CVE Vulnerabilities

CVE-2020-12430

Missing Release of Memory after Effective Lifetime

Published: Apr 28, 2020 | Modified: Apr 01, 2024
CVSS 3.x
6.5
MEDIUM
Source:
NVD
CVSS:3.1/AV:N/AC:L/PR:L/UI:N/S:U/C:N/I:N/A:H
CVSS 2.x
4 MEDIUM
AV:N/AC:L/Au:S/C:N/I:N/A:P
RedHat/V2
RedHat/V3
6.5 MODERATE
CVSS:3.1/AV:N/AC:L/PR:L/UI:N/S:U/C:N/I:N/A:H
Ubuntu
MEDIUM

An issue was discovered in qemuDomainGetStatsIOThread in qemu/qemu_driver.c in libvirt 4.10.0 though 6.x before 6.1.0. A memory leak was found in the virDomainListGetStats libvirt API that is responsible for retrieving domain statistics when managing QEMU guests.

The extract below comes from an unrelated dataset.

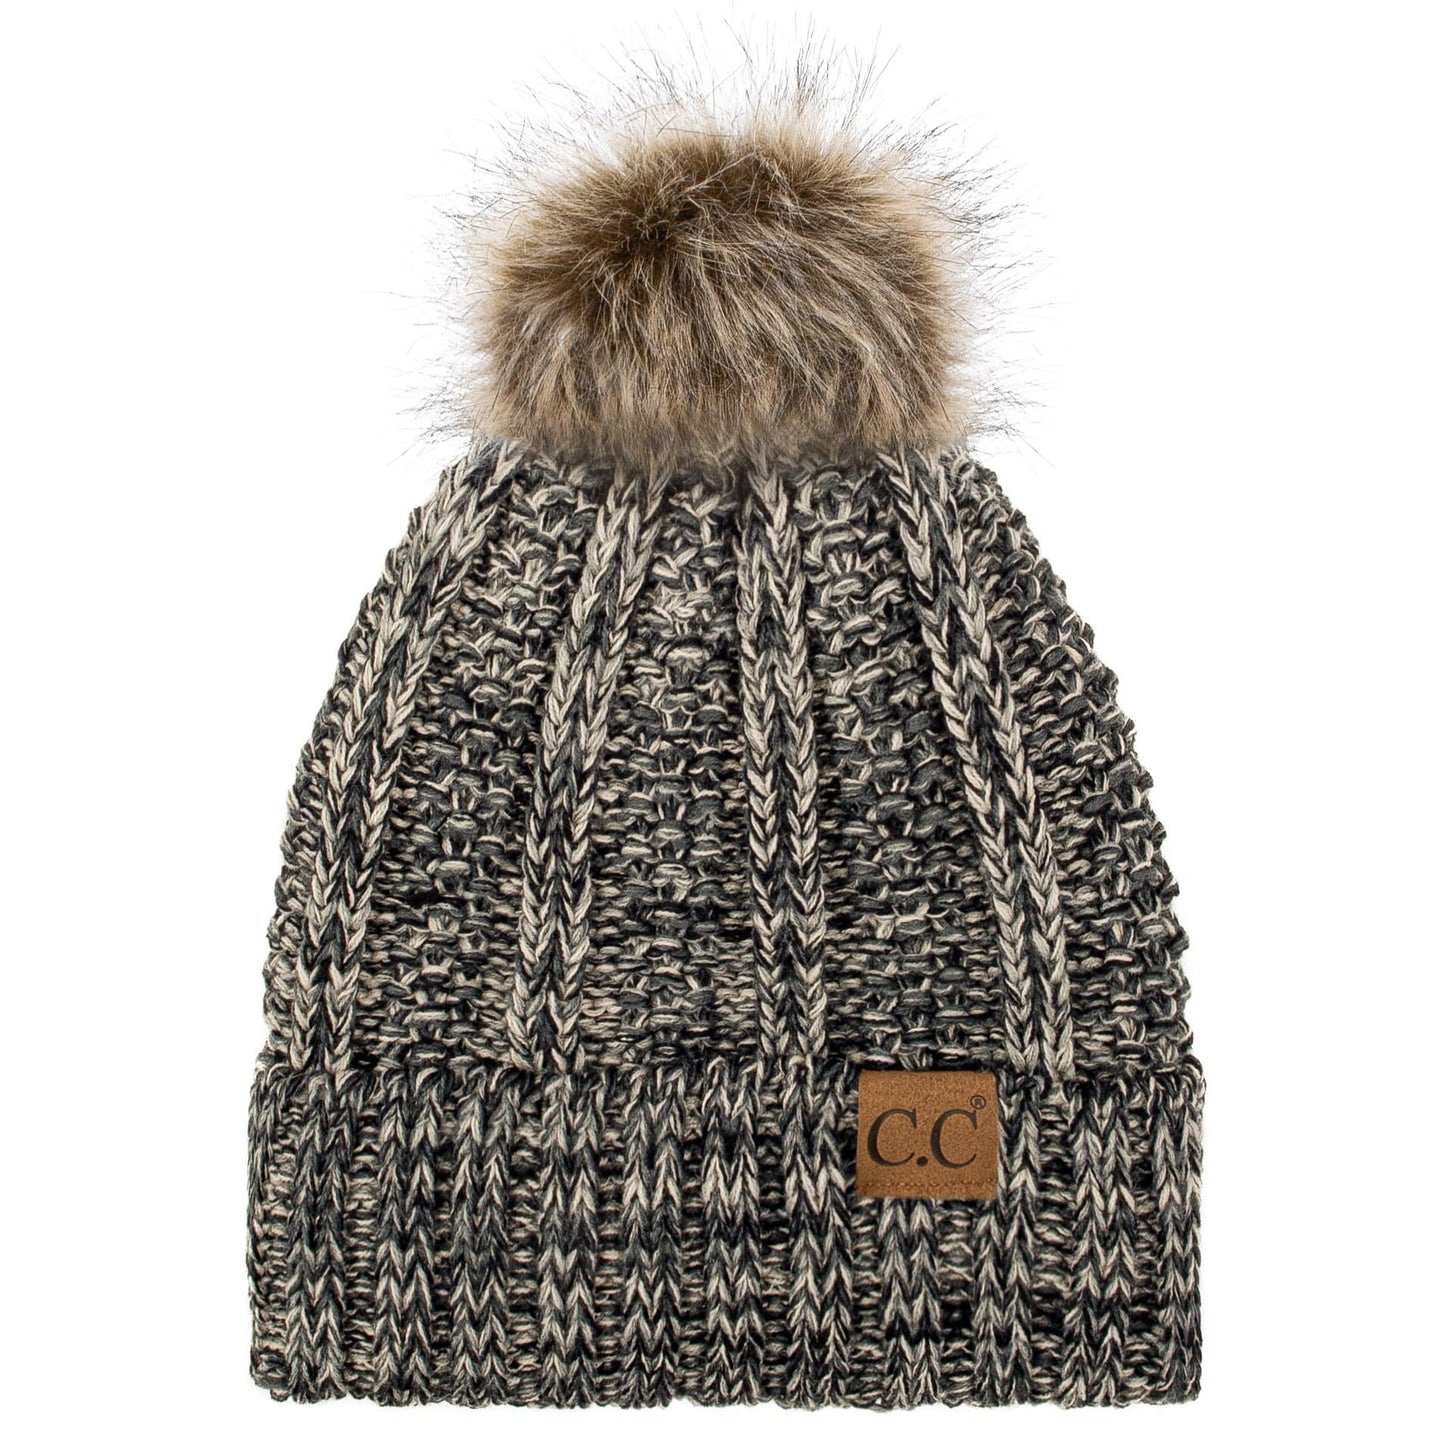 C.C Apparel C.C YJ820 - Thick Cable Knit Hat Faux Fur Pom Pom Fleece Lined Mixed Skull Cap Cuff Beanie

This flaw allows unprivileged users with a read-only connection to cause a memory leak in the domstats command, resulting in a potential denial of service.

Weakness

The product does not sufficiently track and release allocated memory after it has been used, which slowly consumes remaining memory.

Affected Software

Name Vendor Start Version End Version
Libvirt Redhat 4.10.0 (including) 6.1.0 (excluding)
Libvirt Ubuntu devel *
Libvirt Ubuntu eoan *
Libvirt Ubuntu focal *
Libvirt Ubuntu trusty *

Potential Mitigations

  • Choose a language or tool that provides automatic memory management, or makes manual memory management less error-prone.
  • For example, glibc in Linux provides protection against free of invalid pointers.
  • When using Xcode to target OS X or iOS, enable automatic reference counting (ARC) [REF-391].
  • To help correctly and consistently manage memory when programming in C++, consider using a smart pointer class such as std::auto_ptr (defined by ISO/IEC ISO/IEC 14882:2003), std::shared_ptr and std::unique_ptr (specified by an upcoming revision of the C++ standard, informally referred to as C++ 1x), or equivalent solutions such as Boost.